Your answer must be the exact lines of the listing below that run from the line with "Vitamin Energy Variety" to the line with "Caboodles Vintage Cases", ends included, and no pictures.

# RECORDS TO PROCESS
%%
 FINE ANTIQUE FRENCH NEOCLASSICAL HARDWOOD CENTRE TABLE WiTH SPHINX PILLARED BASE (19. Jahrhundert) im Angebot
%%
%%
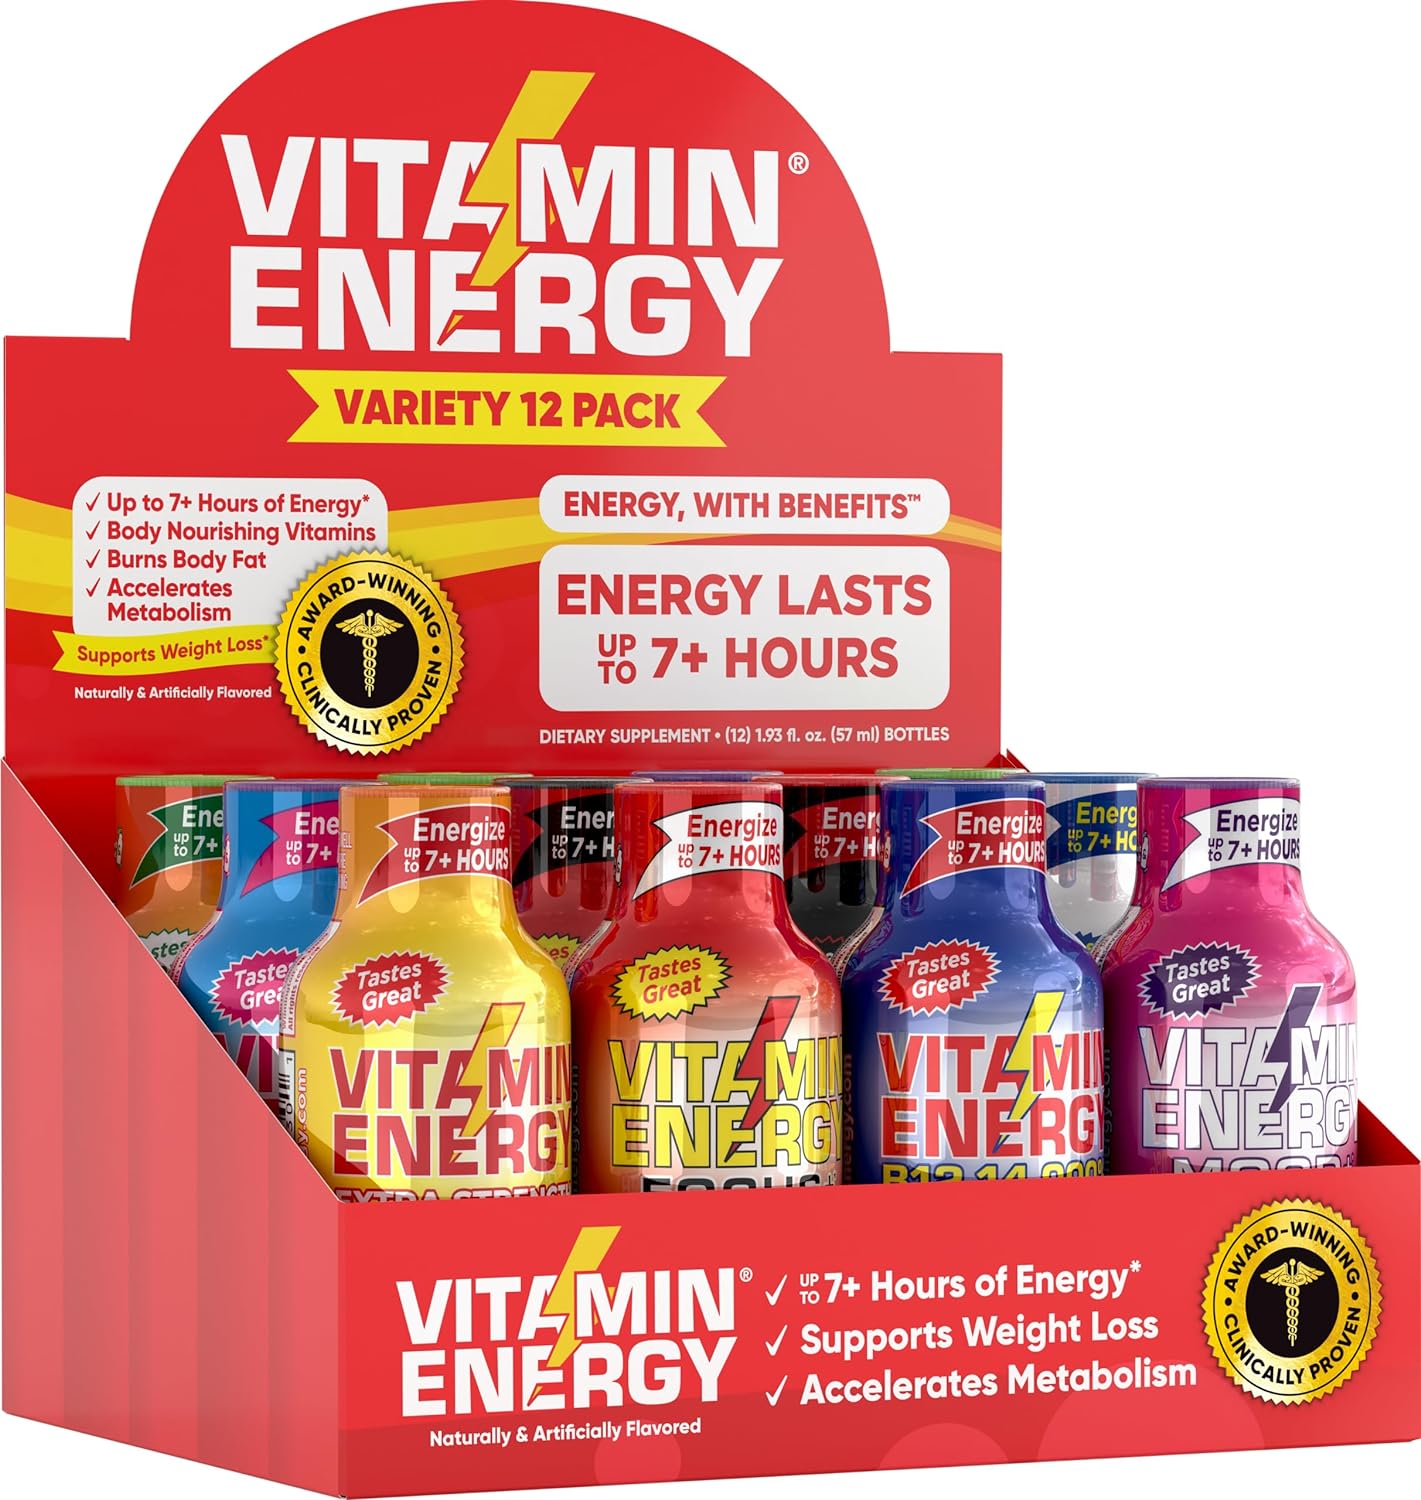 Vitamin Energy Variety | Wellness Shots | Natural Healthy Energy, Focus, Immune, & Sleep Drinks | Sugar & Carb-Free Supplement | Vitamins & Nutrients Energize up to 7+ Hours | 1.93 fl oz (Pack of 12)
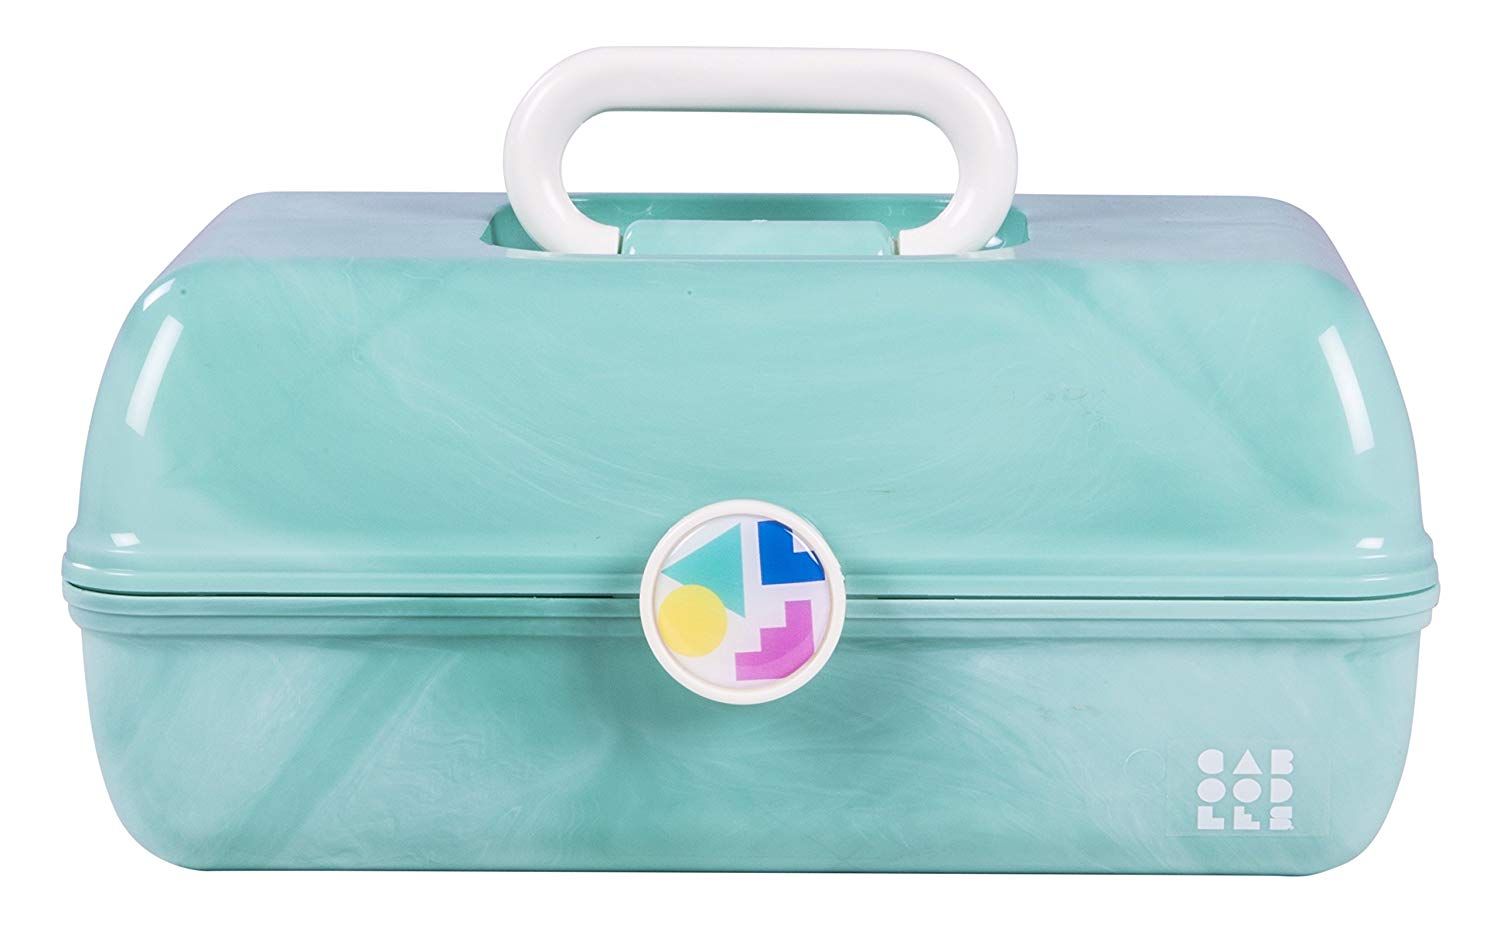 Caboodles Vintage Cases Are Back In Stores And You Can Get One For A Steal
%%
# TASK RESPONSE
 Vitamin Energy Variety | Wellness Shots | Natural Healthy Energy, Focus, Immune, & Sleep Drinks | Sugar & Carb-Free Supplement | Vitamins & Nutrients Energize up to 7+ Hours | 1.93 fl oz (Pack of 12)
 Caboodles Vintage Cases Are Back In Stores And You Can Get One For A Steal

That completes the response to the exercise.